Es fehle an Wissen über den eigenen Körper, den Zyklus und die
Wirkung von Hormonen. Manche junge Mädchen sähen in der Pille eine
"Lifestyledroge", die etwa reinere Haut verspreche.
Verhütung heute
In einer Studie von 2019 der Bundeszentrale für
gesundheitliche Aufklärung (BZgA) erwiesen sich Pille und Kondom als
etwa gleich beliebt unter sexuell aktiven Erwachsenen in Deutschland.
Die BZgA konstatierte einen "Verhaltenswandel": Im Vergleich zur
Vorgängerstudie von 2011 nahm die Kondomnutzung zu, während die Pille
an Zuspruch verlor, vor allem bei Frauen zwischen 18 und 29.

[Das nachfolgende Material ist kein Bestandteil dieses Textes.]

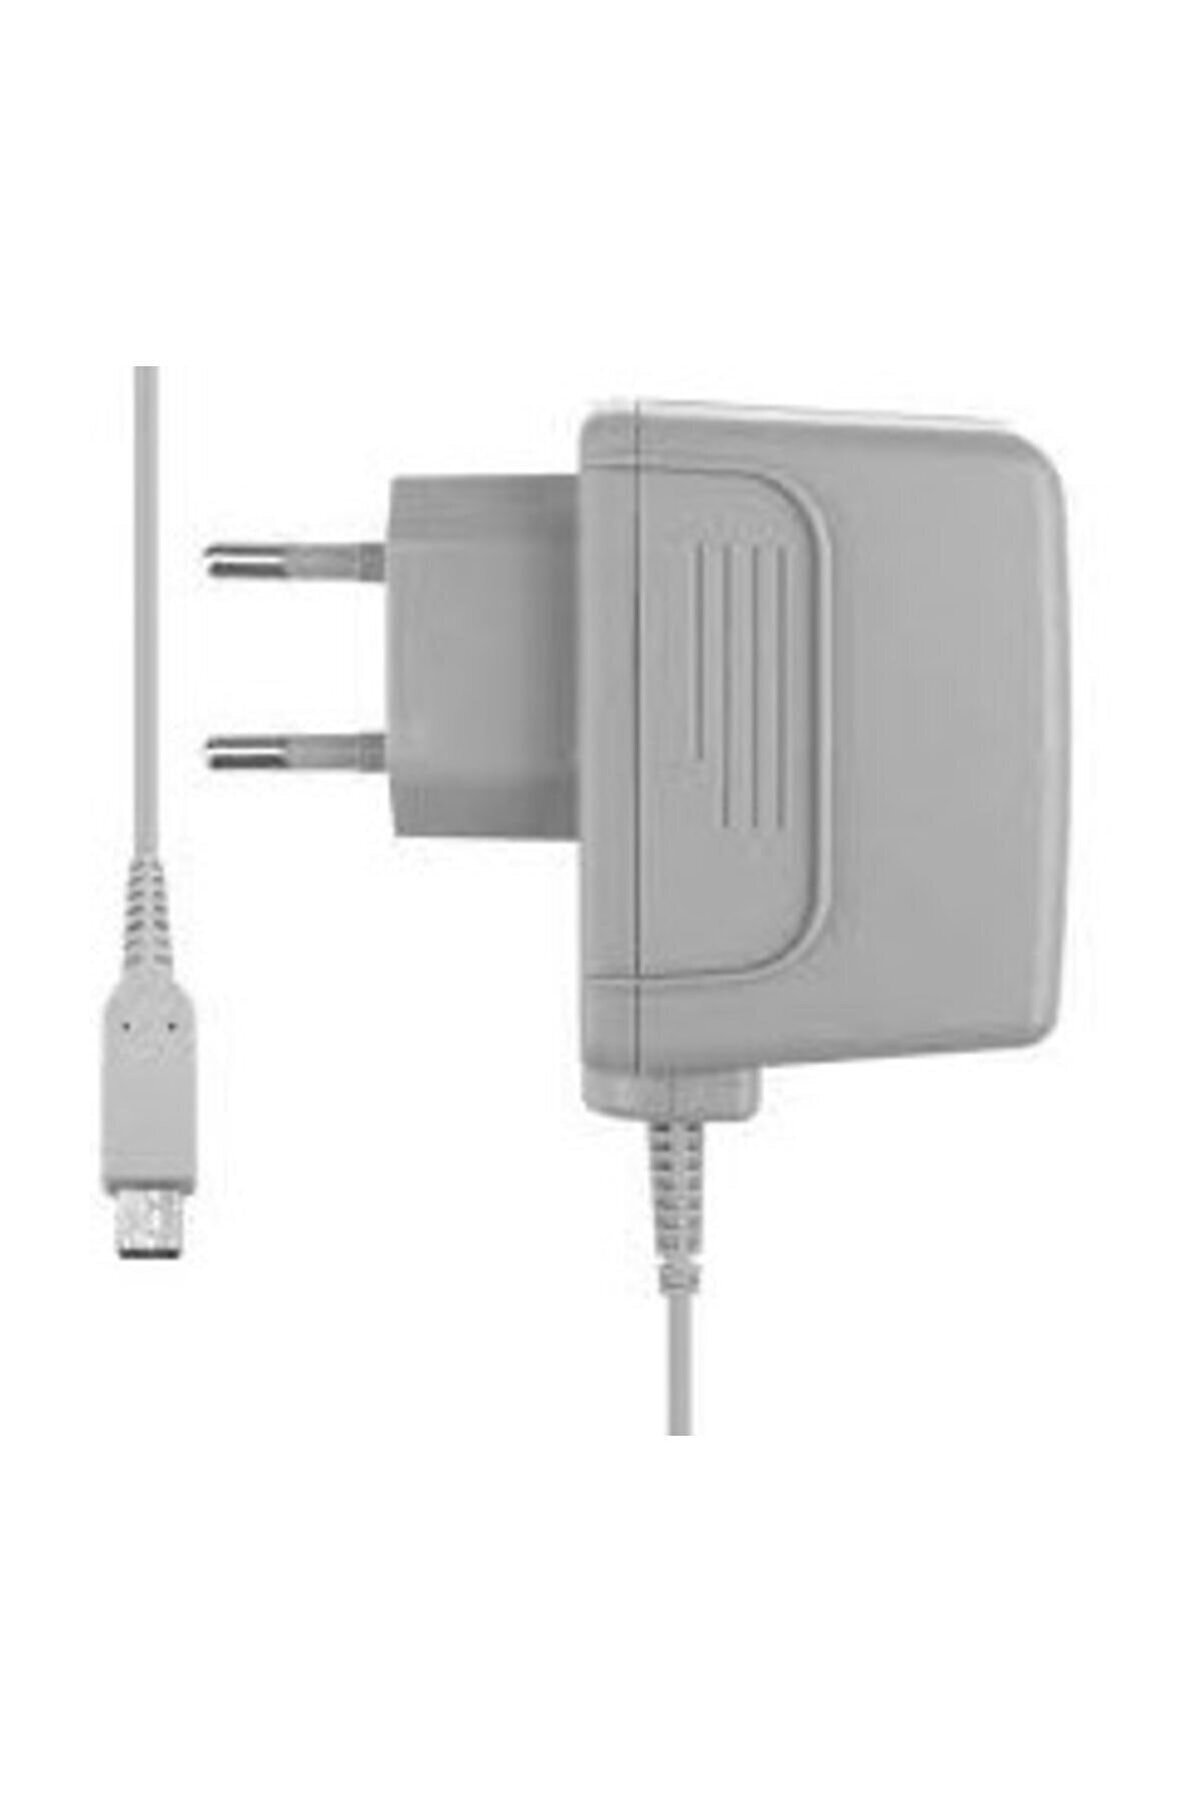 Nintendo For New 3ds ll 3ds AC ADAPTER 6922011920228
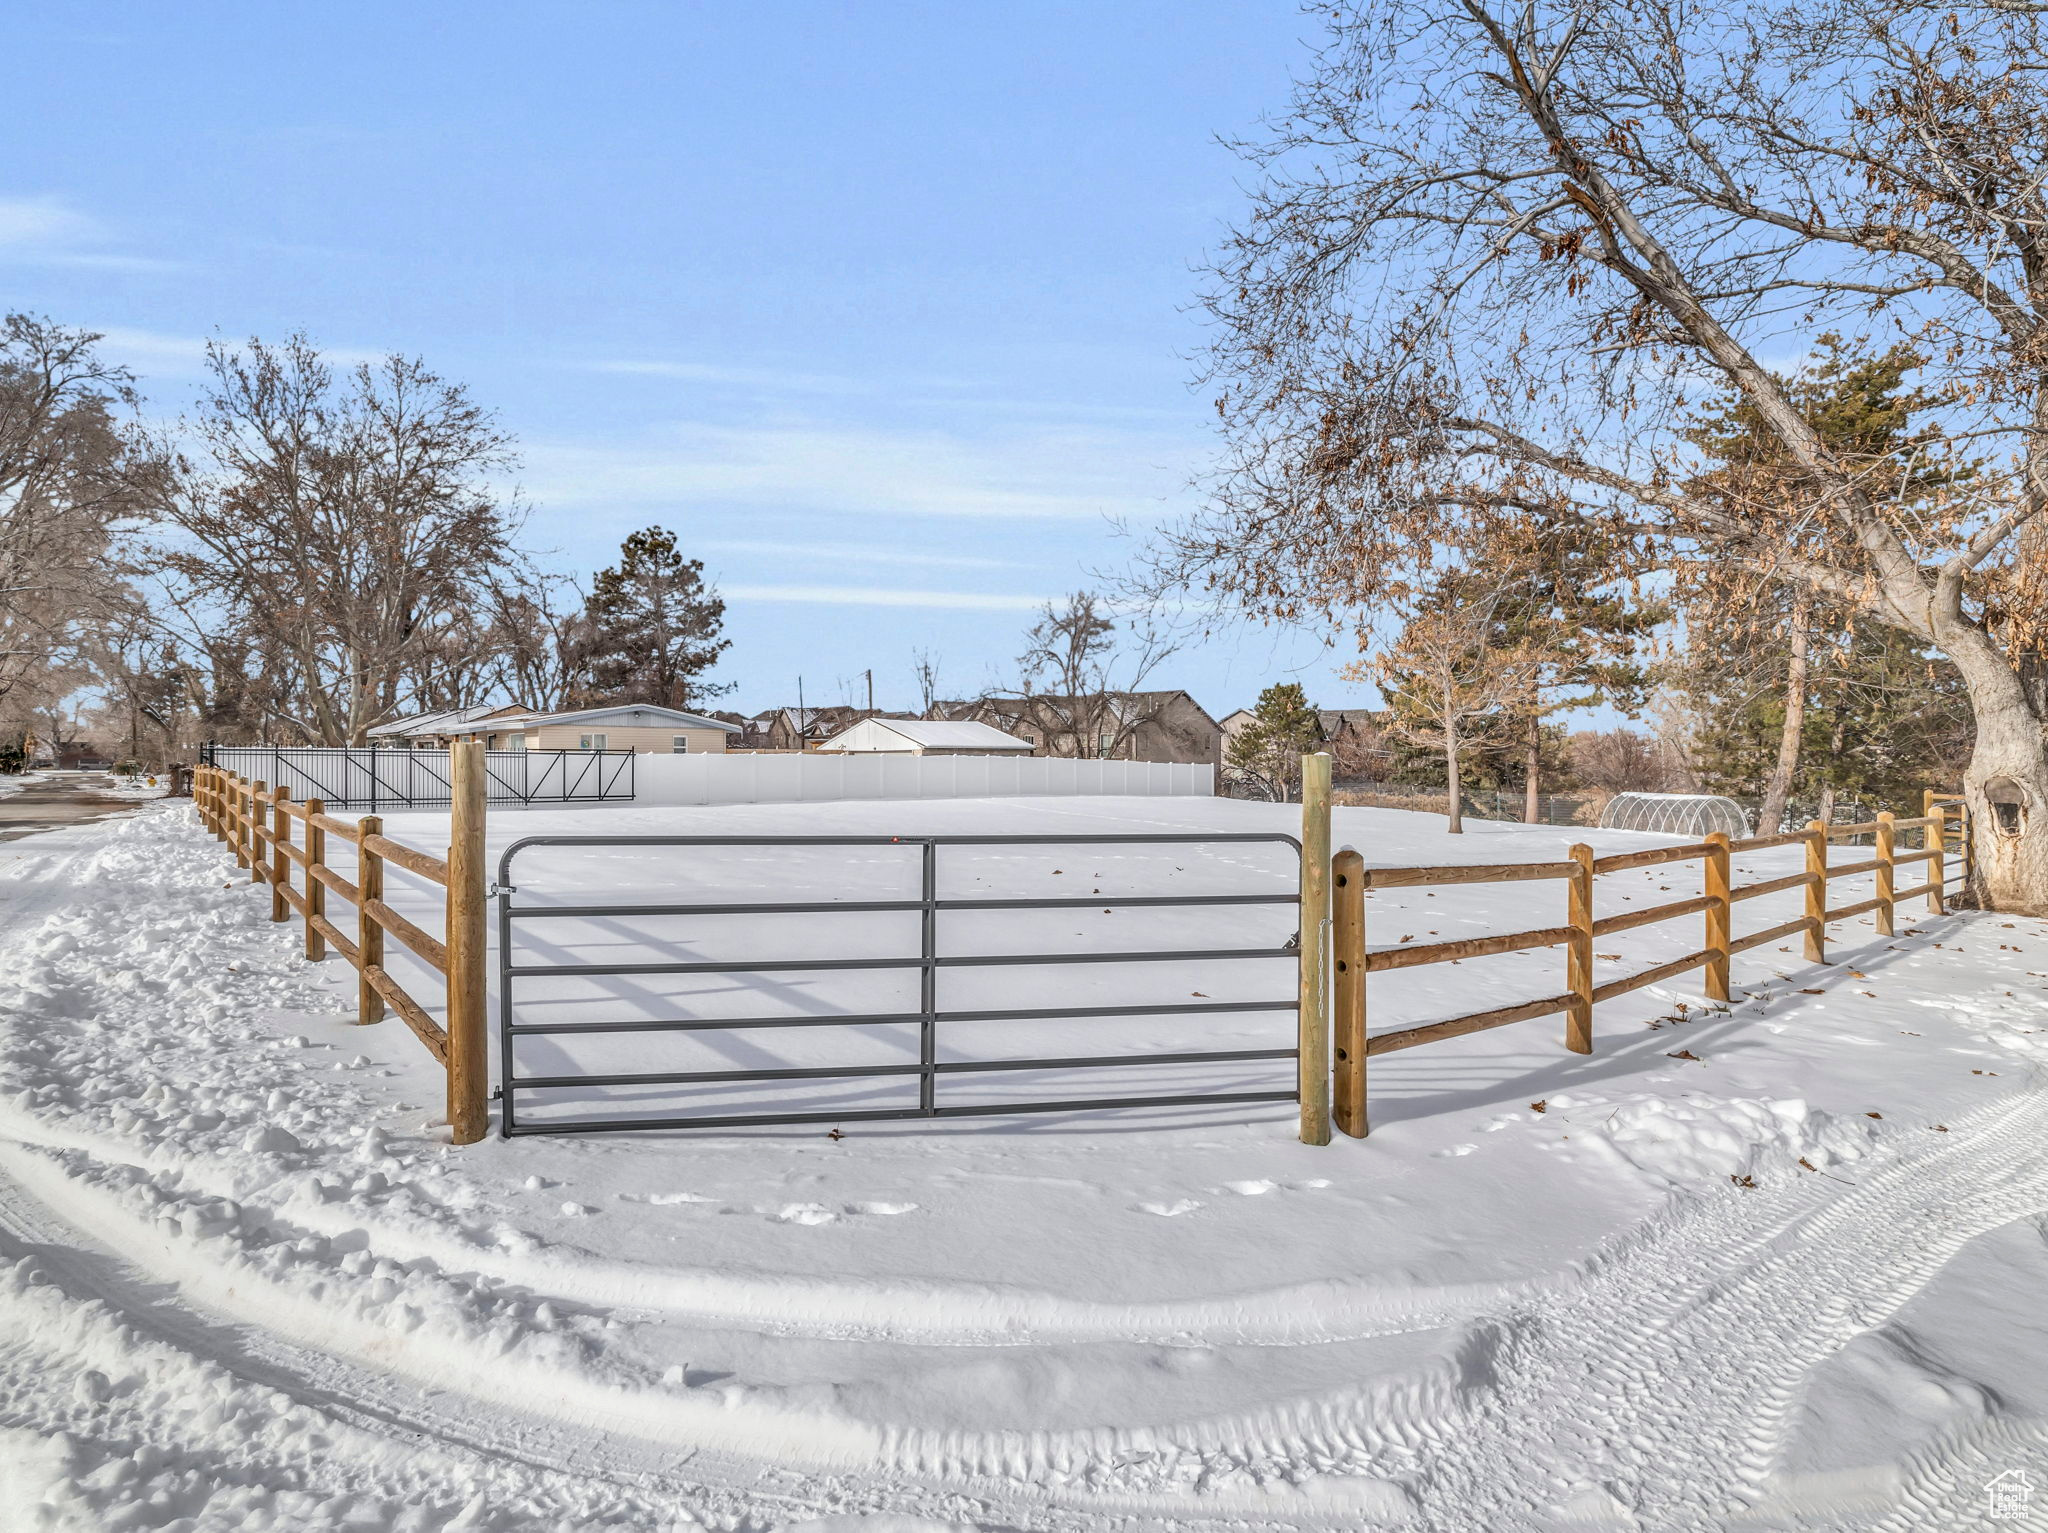 Fully fenced riding arena just west of the home for your horses

Insgesamt zeige sich "eine eher kritische Einstellung zu hormonellen
Verhütungsmethoden". Fast jede zweite Befragte stimmte der Aussage
zu, dass Verhütung mit Hormonen "negative Auswirkungen auf Körper und
Seele" habe. Verordnungsdaten belegen den Trend bei jungen Frauen.
Zukunft Technik?
Die heutige Kritik kommt aus Sicht von
Wissenschaftlerin Lisa Malich vor allem von jüngeren Frauen, denen
ein ökologisches Leben wichtig ist. Aber auch Technologien, die durch
die Bestimmung des Eisprungs bei der Verhütung helfen sollen,
spielten eine Rolle. Frauenarzt Albring zeigt sich mit Blick auf den
Nutzen solcher Apps äußerst skeptisch. "Insgesamt sehen wir ein
großes Interesse an natürlicher Verhütung, aber in der Praxis ist das
nur für ganz wenige Paare ein sinnvoller Weg, meist wenn schon
irgendwie ein bisschen ein Kinderwunsch besteht und es nicht schlimm
ist, wenn dann doch eine Schwangerschaft eintritt."
Alternativen

Die Spirale wird zu einer immer beliebteren Alternative zur Pille.Bild: www.imago-images.de / imagebroker/schreiter
In den vergangenen Jahren seien häufiger Spiralen
eingesetzt worden als früher, weil es inzwischen kleinere, auch für
junge Frauen verträglichere Modelle gebe, so Albring. "Dass die
Pille als Verhütungsmittel komplett durch andere Methoden ersetzt und
abgelöst werden könnte, ist nicht abzusehen." Es gebe keine derartig
zuverlässigen und alltagstauglichen Alternativen. Manche Kritiker
würden ergänzen: Insbesondere fehlt noch die Pille für den Mann.
International
Nach einem Bericht des Bevölkerungsfonds der Vereinten
Nationen (UNFPA) nutzen geschätzt 232 Millionen Frauen in 120 Ländern
keine Verhütungsmittel, obwohl sie nicht schwanger werden möchten.
Aber immerhin habe sich die Zahl der Frauen, die moderne
Verhütungsmittel wie die Pille einsetzen, zwischen 1990 und 2018
beinahe verdoppelt, auf 840 Millionen. Dies habe zu Rückgängen bei
ungewollten Schwangerschaften und der Müttersterblichkeit geführt.